-------- SUPPLIED MATERIAL --------

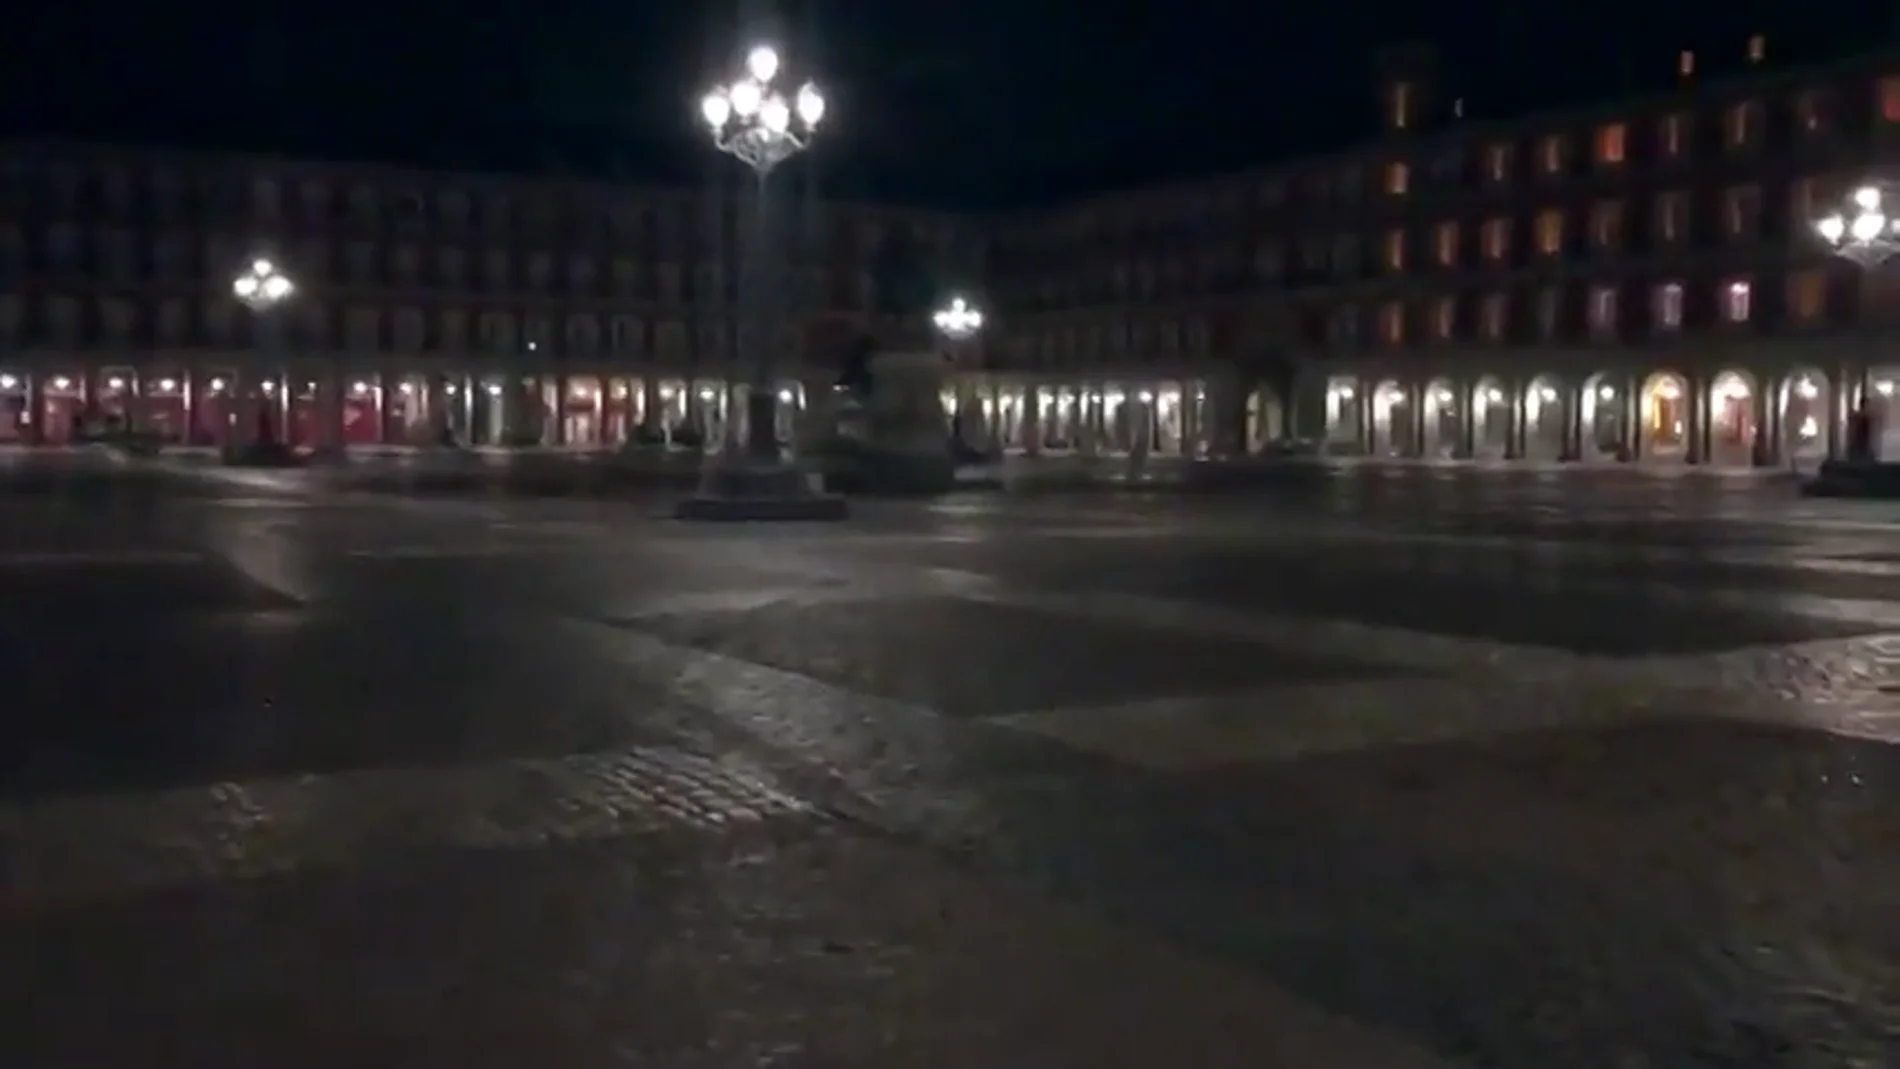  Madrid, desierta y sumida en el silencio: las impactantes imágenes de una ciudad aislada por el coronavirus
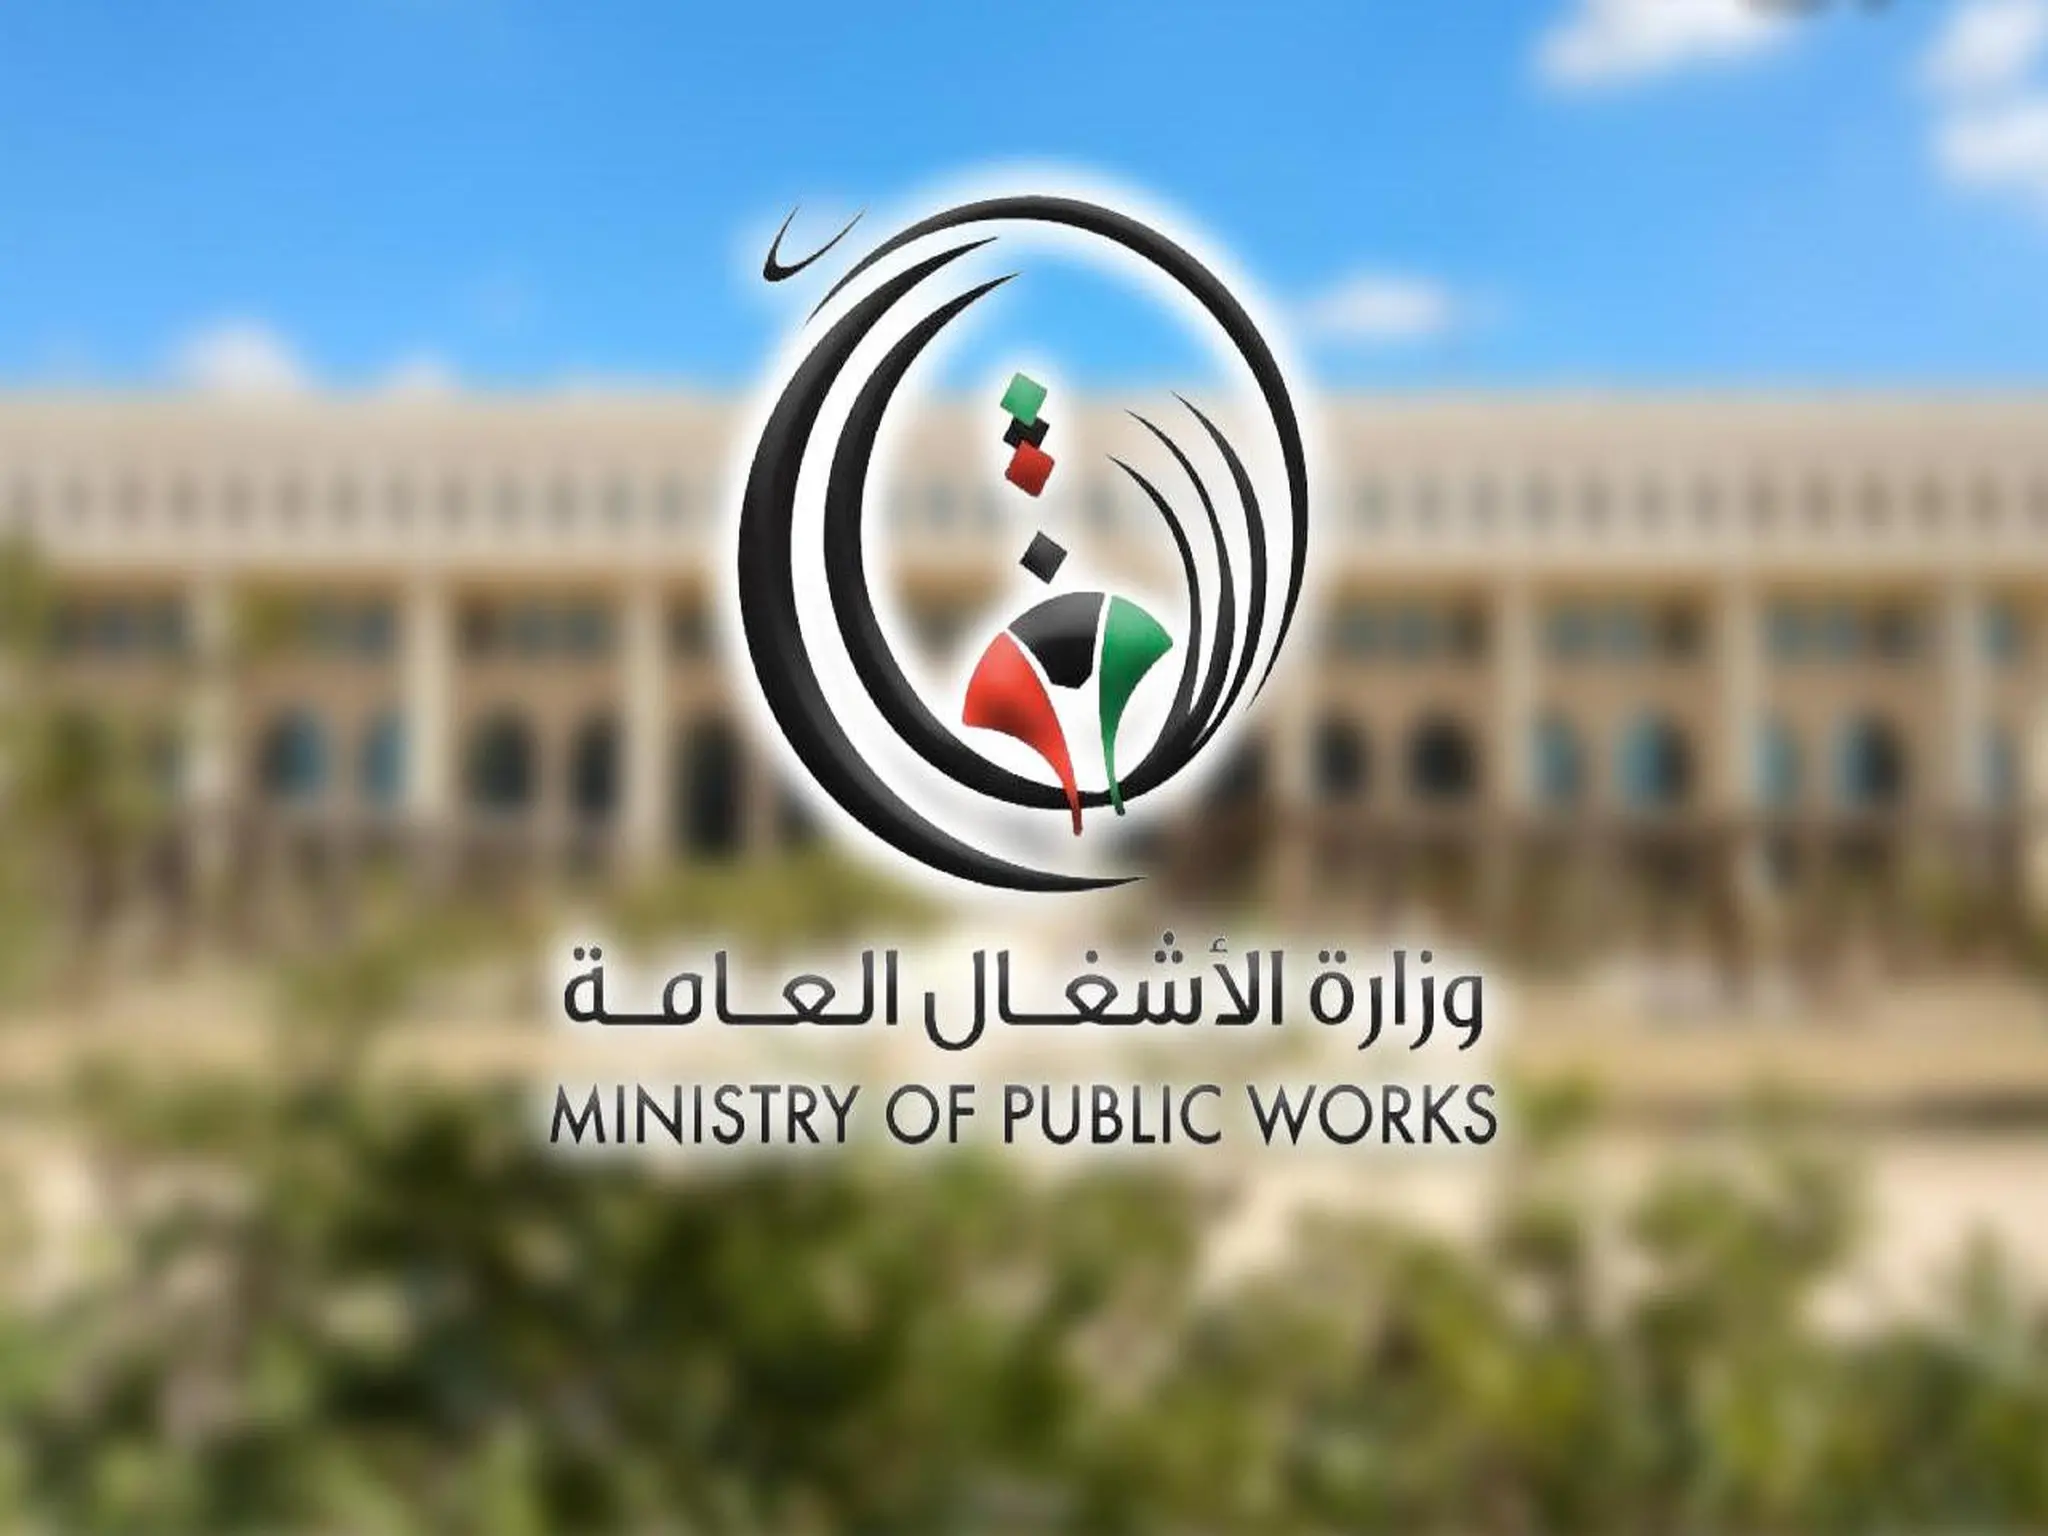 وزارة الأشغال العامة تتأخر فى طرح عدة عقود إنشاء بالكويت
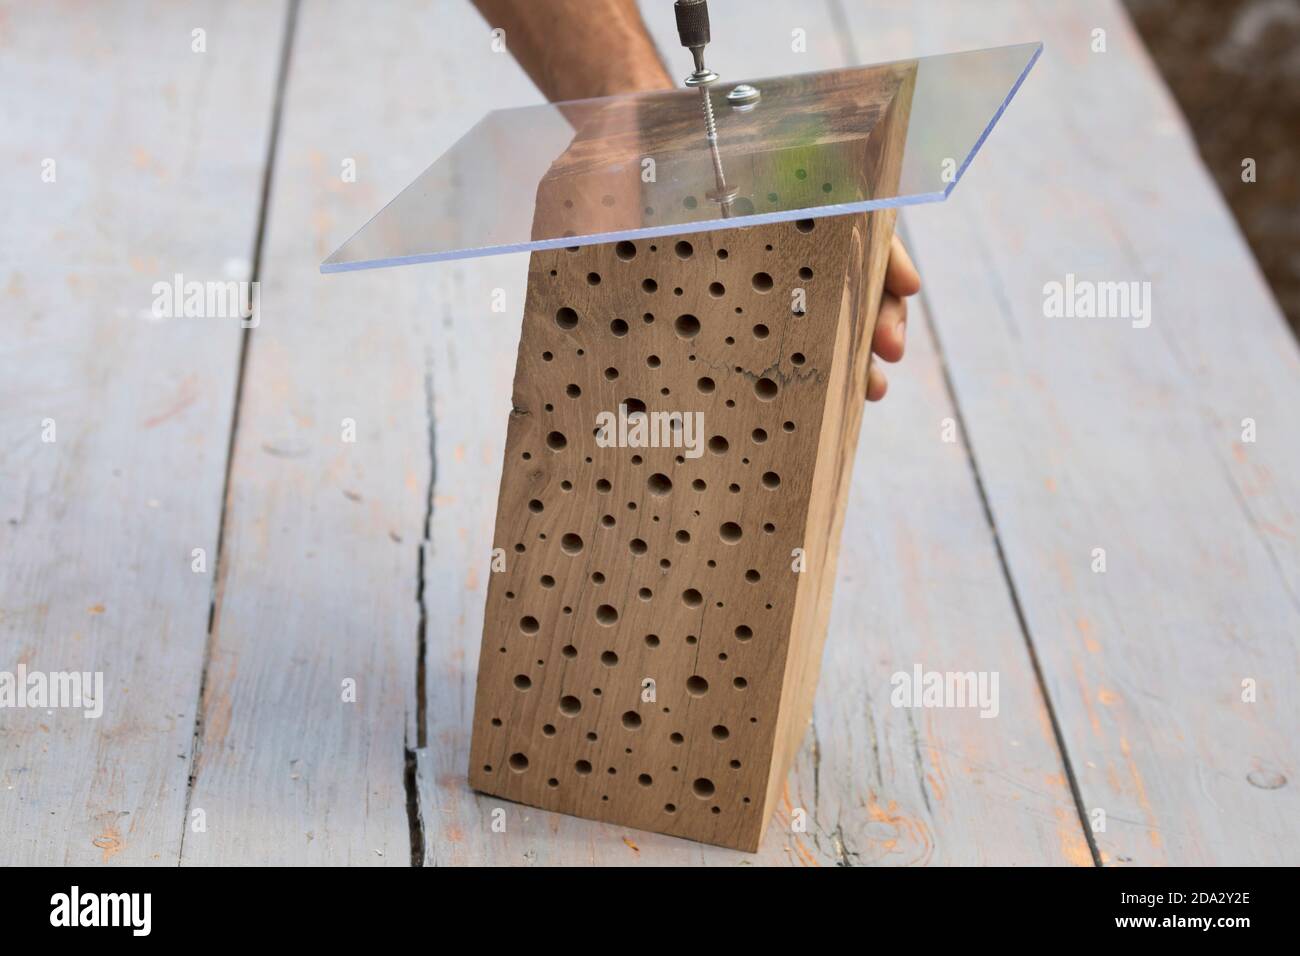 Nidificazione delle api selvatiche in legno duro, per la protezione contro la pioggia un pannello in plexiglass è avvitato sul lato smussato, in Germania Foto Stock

--------

TASK STATEMENT
I'd like the data above duplicated exactly, with no pictures included.

RESULT OF THE TASK
  Madrid, desierta y sumida en el silencio: las impactantes imágenes de una ciudad aislada por el coronavirus
 وزارة الأشغال العامة تتأخر فى طرح عدة عقود إنشاء بالكويت
 Nidificazione delle api selvatiche in legno duro, per la protezione contro la pioggia un pannello in plexiglass è avvitato sul lato smussato, in Germania Foto Stock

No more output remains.